**EXERCISE DIRECTIONS:** Set out exactly, line by line, the stretch of data below that begins at the line containing "AMC Form 47" and ends at the line containing "Howard Phillips Lovecraft, as", with both ends kept.

*** Opening of TASK DATA ***

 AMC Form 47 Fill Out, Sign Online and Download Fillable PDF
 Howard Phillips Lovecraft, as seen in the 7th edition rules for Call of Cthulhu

*** Close of TASK DATA ***
*** Opening of TASK DATA ***

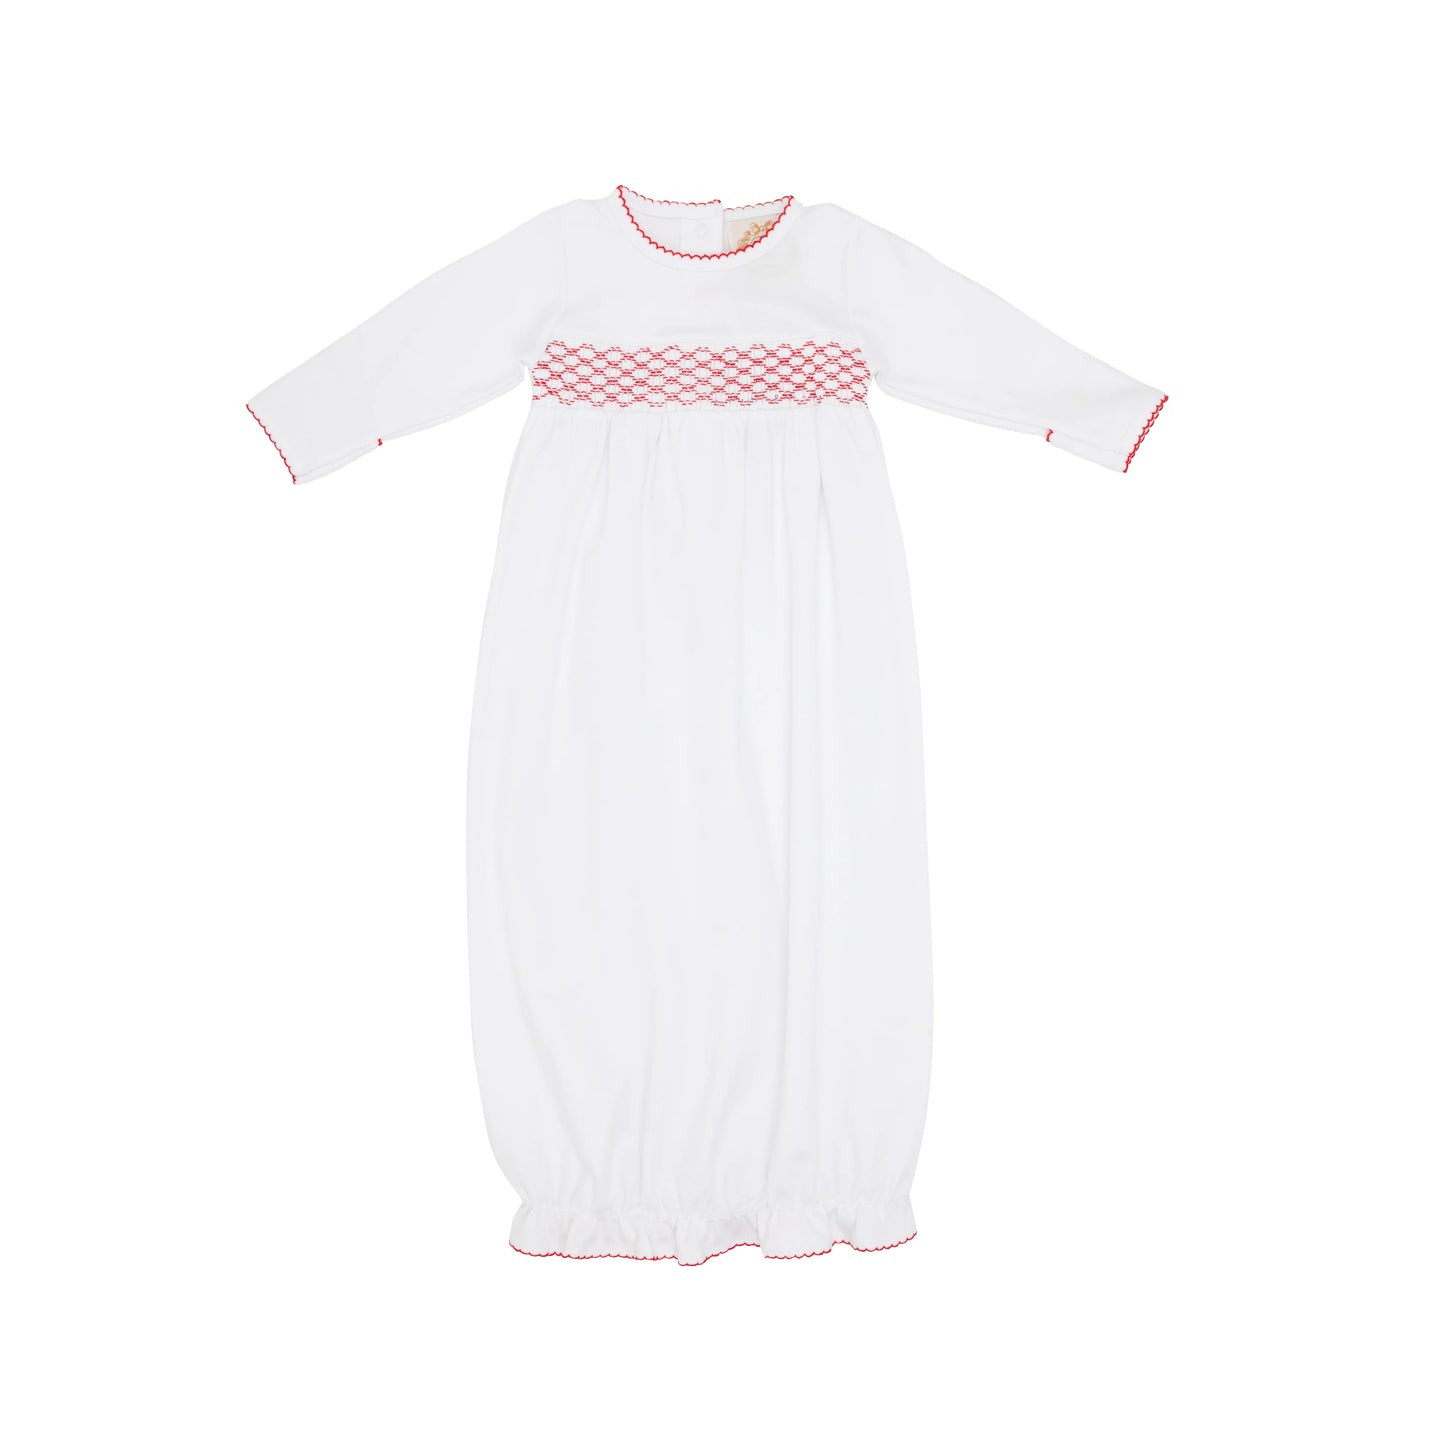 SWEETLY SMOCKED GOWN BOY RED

*** Close of TASK DATA ***

**WRITTEN SOLUTION:**
 AMC Form 47 Fill Out, Sign Online and Download Fillable PDF
 Howard Phillips Lovecraft, as seen in the 7th edition rules for Call of Cthulhu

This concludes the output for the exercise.